BRIEF
Without including any images, repeat the listing below exactly.

EXERCISE DATA
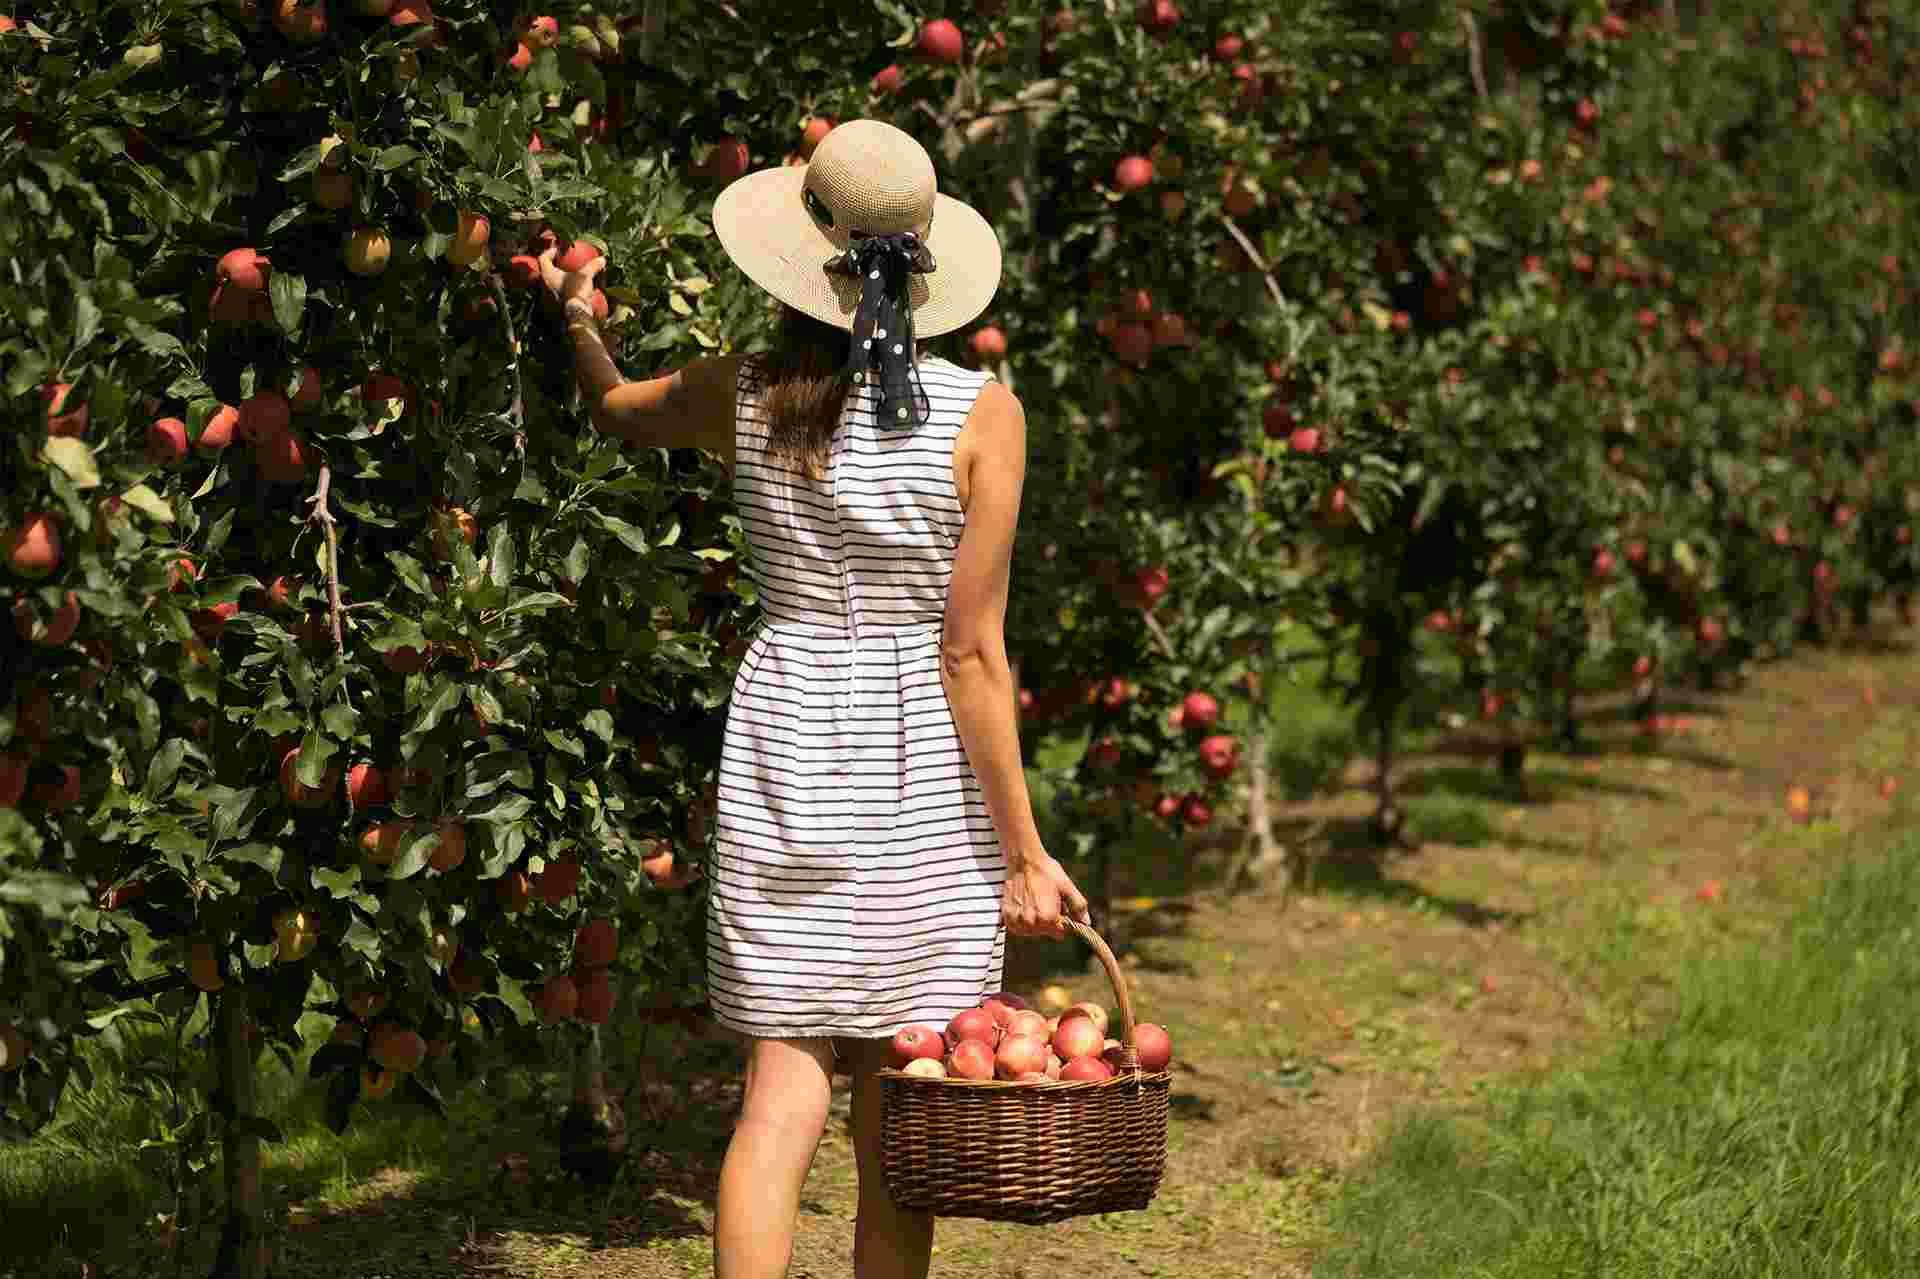 Appleshack at Glenbernie Orchard
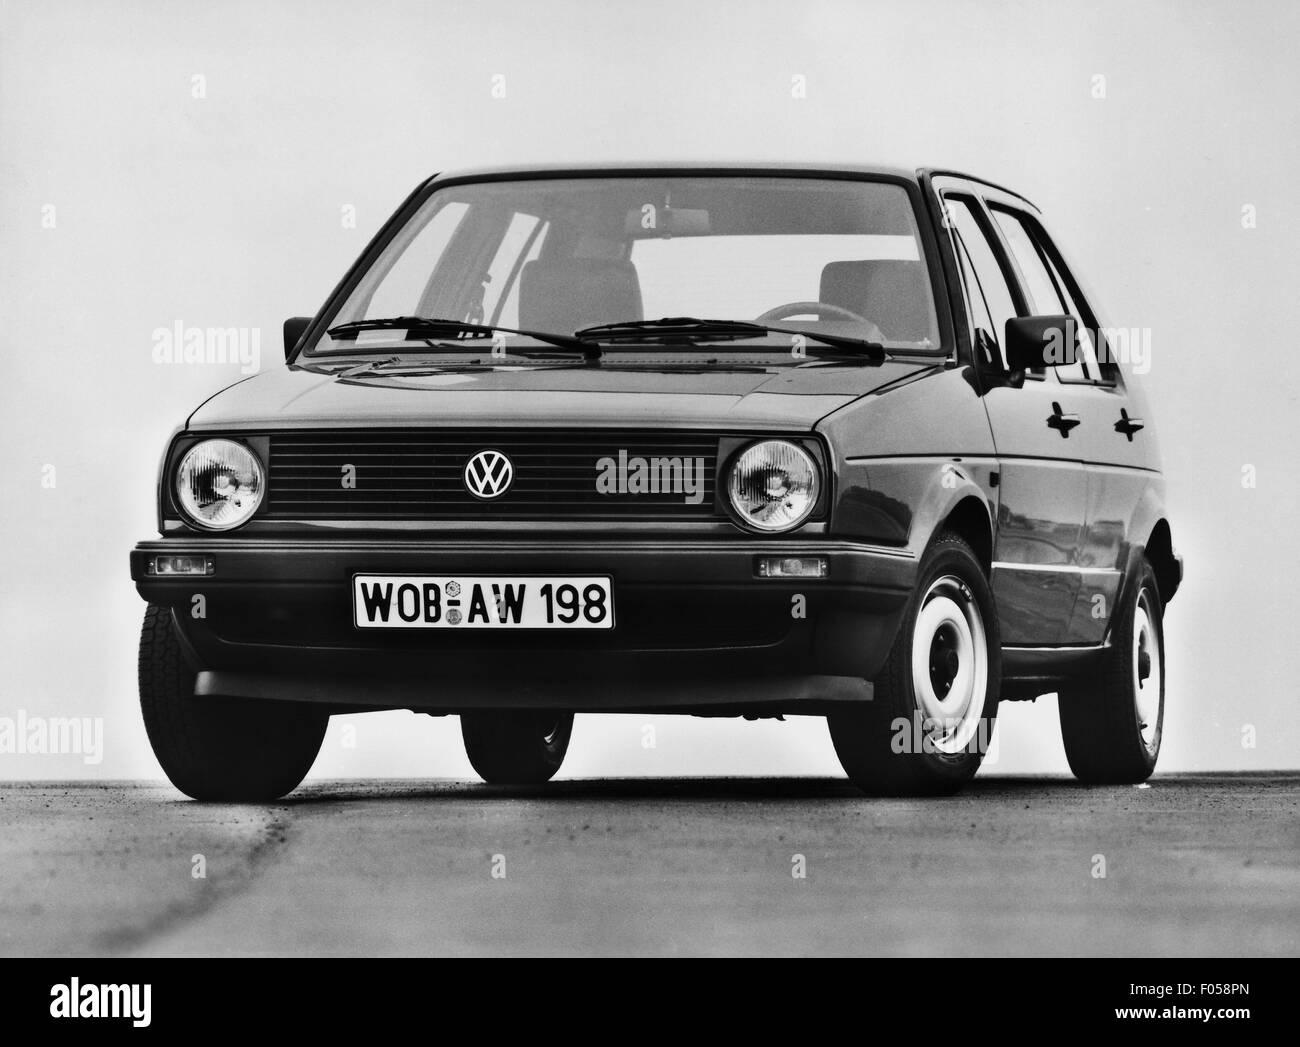 transport / transportation, car, vehicle variants, Volkswagen, VW Golf Mk2 CL, 1980s, Additional-Rights-Clearences - Stock Image
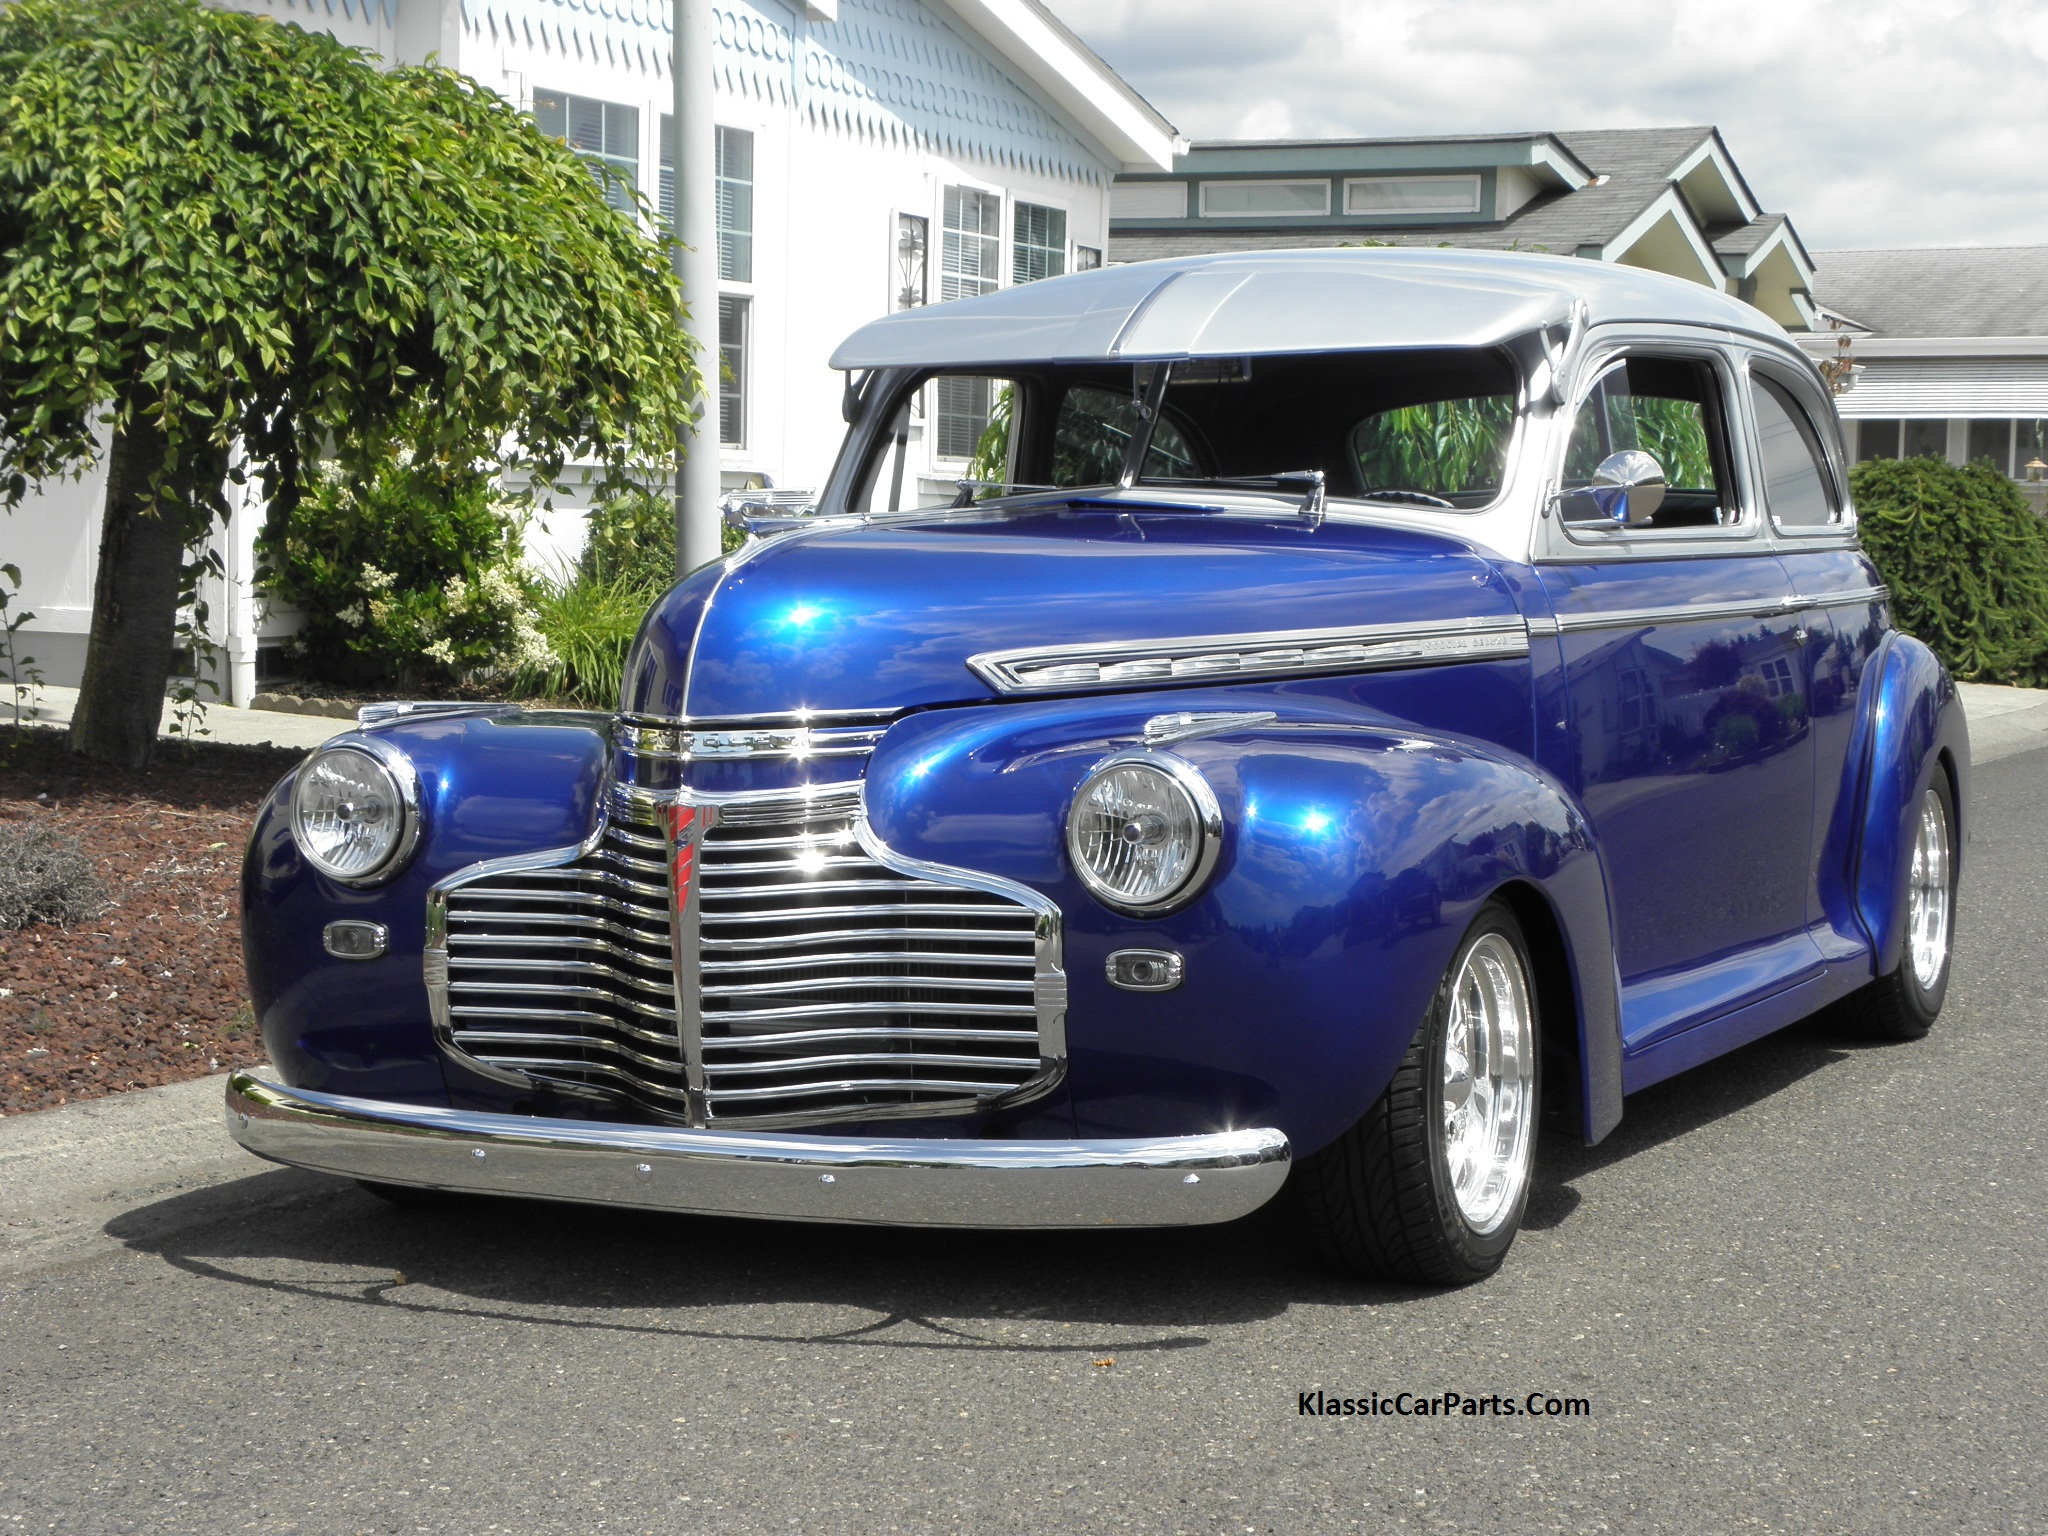 Chevrolet Special DeLuxe 1941 - 1948 Sedan #1
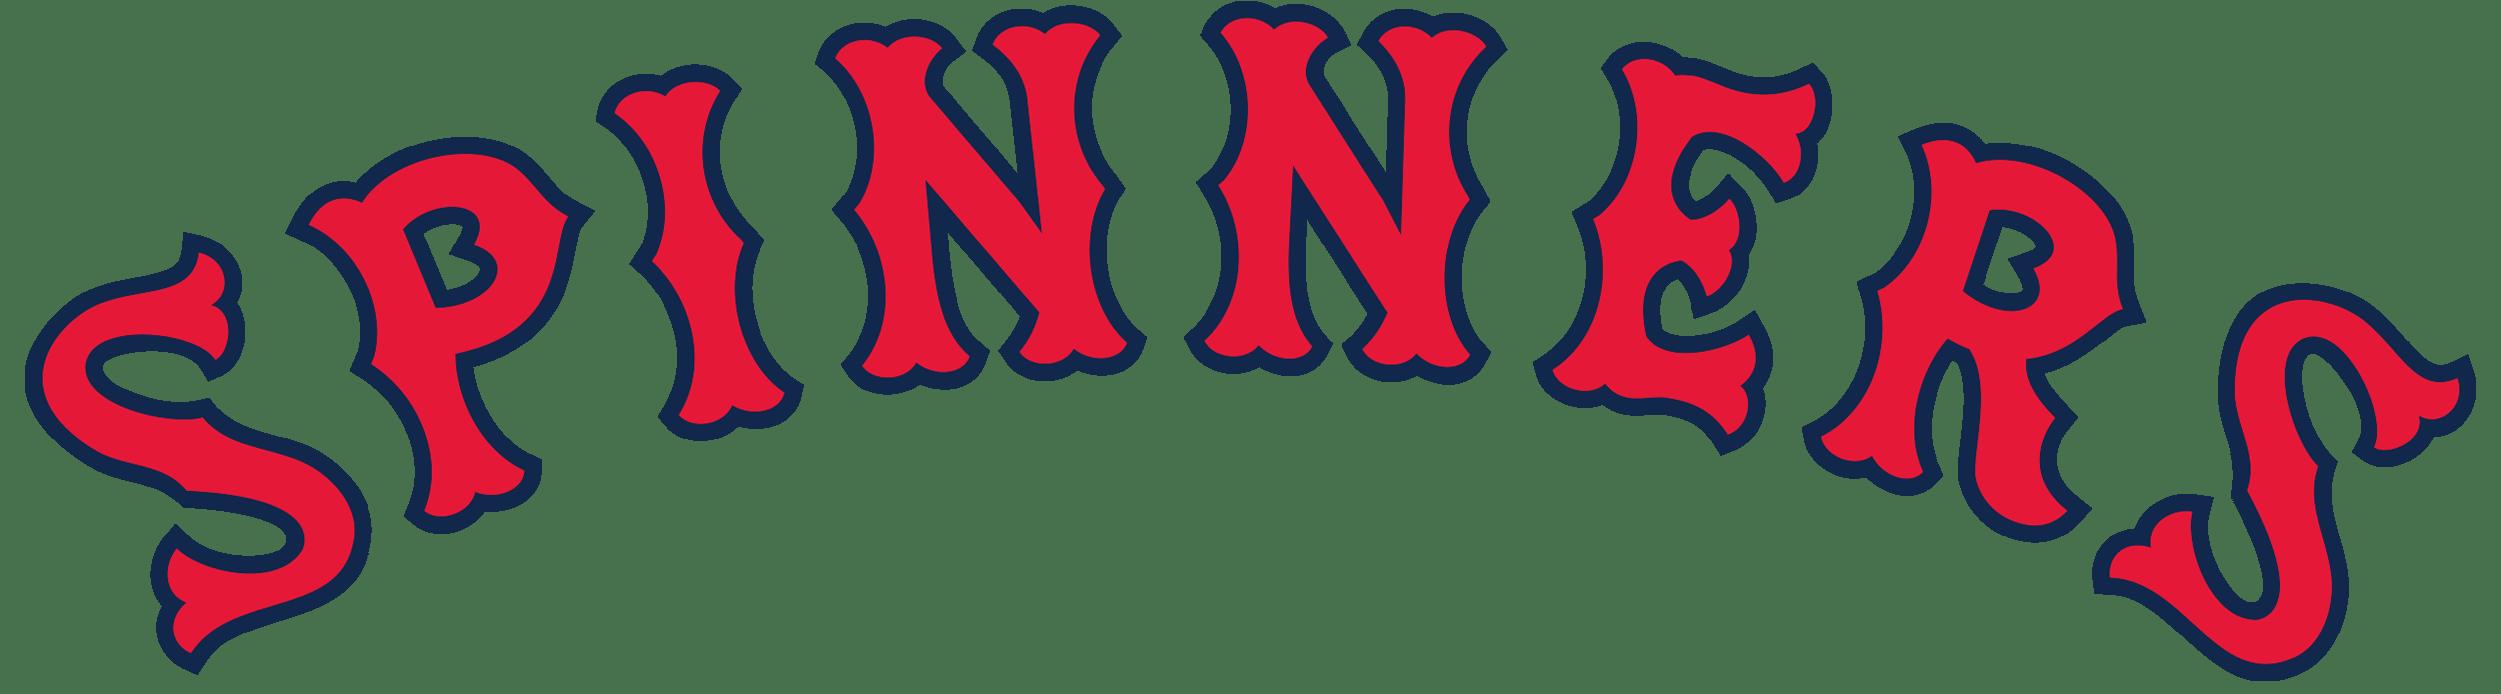 Baseball stitches clipart transparent image free library Cyclones Baseball Logo Clip Art image free library

ANSWER TO THIS PROBLEM
 Appleshack at Glenbernie Orchard
 transport / transportation, car, vehicle variants, Volkswagen, VW Golf Mk2 CL, 1980s, Additional-Rights-Clearences - Stock Image
 Chevrolet Special DeLuxe 1941 - 1948 Sedan #1
 Baseball stitches clipart transparent image free library Cyclones Baseball Logo Clip Art image free library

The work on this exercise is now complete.